Choose the appropriate alternative from the given options:
Shahi Ltd. decided to redeem its 8,000, 11% debentures of ₹ 100' each at a premium of 10%. The minimum amount transferred to the debenture redemption reserve will be:
Fill in the blank.
The portion of uncalled capital to be called only in the event of winding up of the company is called ____________.
On 1st April 2015, Mayfair Ltd. issued 4,000 9% debentures of ₹ 100 each at a discount of 5% redeemable at a premium of 8%. The debentures were redeemable on 31st March 2019. The company created the necessary minimum amount of debenture redemption reserve and purchased the required amount of debenture redemption investments as per the provisions of Companies Act, 2013.
Pass the necessary journal entries for the redemption of debentures.

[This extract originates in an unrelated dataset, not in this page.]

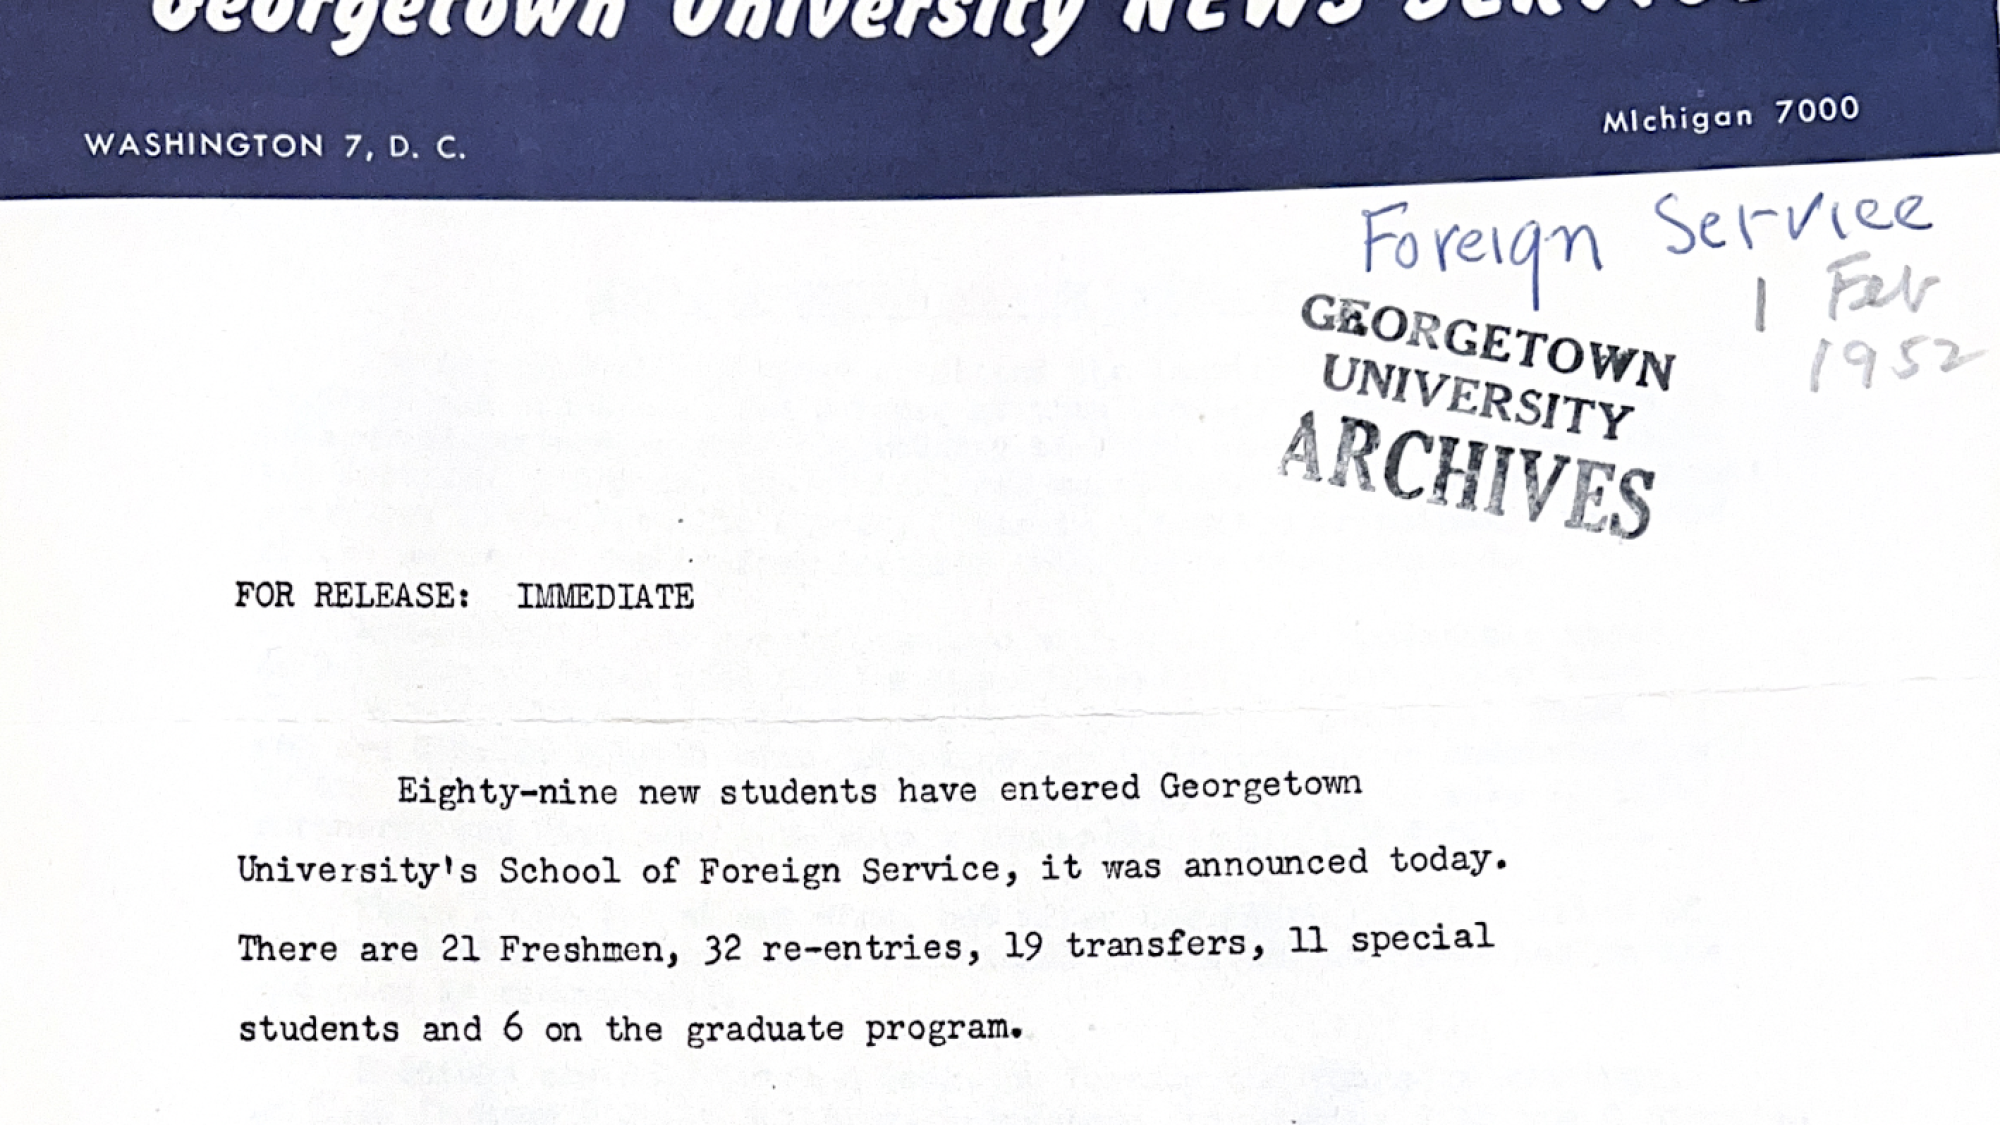 1952 news release with numbers of incoming students

Sunrise Ltd. a listed NBFC, had outstanding 20,000, 7% Debentures of ₹ 100 each, due for redemption on 31st March, 2022.
As per the provisions of the Companies Act, 2013, what amount, if any, does the company need to transfer to Debenture Redemption Reserve, before it can redeem the debentures?
Jerome Ltd., an unlisted manufacturing company, had 20,000, 6% Debentures of ₹ 100 each due for redemption at par on 31st March, 2022. On this date the company had the required amount of ₹ 2,00,000 in its Debenture Redemption Reserve.
The Debenture Redemption Investment which was purchased on 30th April, 2021, was realised at 98% on the date of redemption and the debentures were redeemed on the due date.
You are required to pass journal entries in the books of the company for the year 2021-22. (Ignore interest on debentures).